His aim was the large one of presenting ‘a rather full picture of the life, thought, and works of Thomas’, but his special achievement is to give the most complete and reliable account so far available of Thomas’s external existence, including in this of course the chronology and circumstances of his writings. And this is a great achievement. The subject bristles with problems and difficulties. To be sure, the background and setting of Thomas’s life are fairly well documented, intertwining as this does with the history of three great institutions whose official records are preserved: the Dominican Order, the University of Paris, and the Papacy.
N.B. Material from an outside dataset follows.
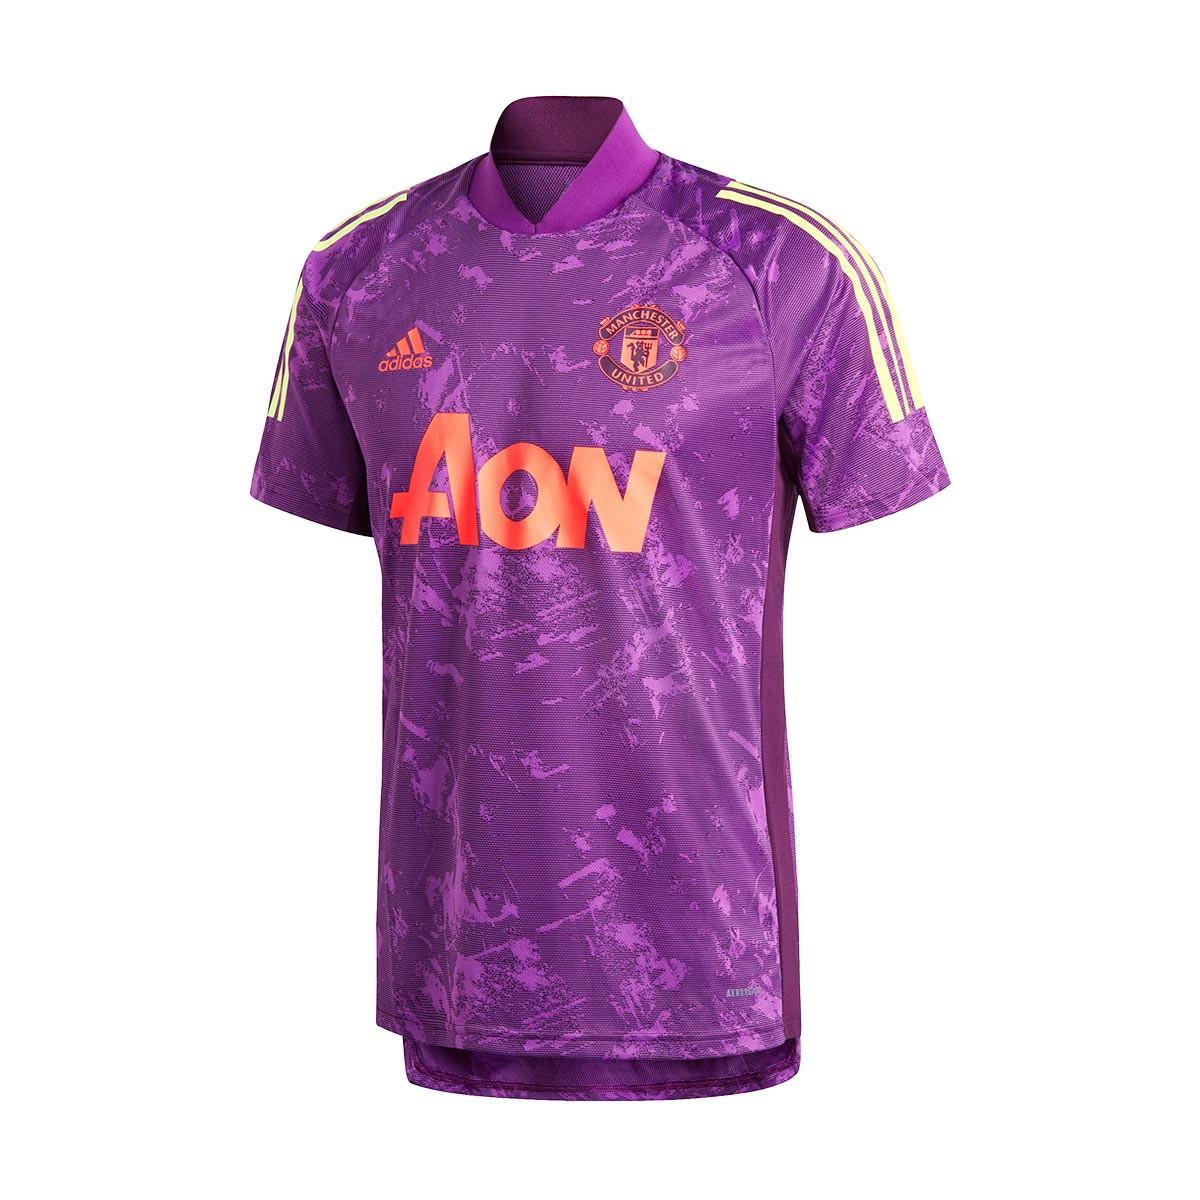 Jersey Adidas Manchester United Fc European Training 2020 2021 Glory Purple Football Store Futbol Emotion

But such records do not, of course, interpret themselves except to the scholar’s eye, and it is often a very delicate matter to assess the exact meaning of this or that technical term (studium, for example, in its various official or semi-official connotations) or the relative importance—relative to St Thomas—of this or that contemporary movement or event or series of events.
1 Friar Thomas D'Aquino: His Life, Thought and Work, by Weisheipl, James A. OP. Basil Blackwell, Oxford, 1975. 464 pp. £9.Google Scholar
2 See the excellent compte rendu by V. Leroy in Revue Thomiste, July‐September, 1973, p. 500–6.
3 Under this heading there is a reference to the new 60 volume translation of the Summa, but without naming the man to whom it owes its entire existence, and who in general has done more for Thomist studies in the English‐speaking world than anyone else since the war. And, by the way, that translation is published in London as well as in New York.
4 This may heem harsh, but I would ask the reader to ponder carefully two sample passages: one on p. 132, concerning Contra Gentiles I, 22, the other on p. 260 where law and grace are called 'two external guidelines' to happiness.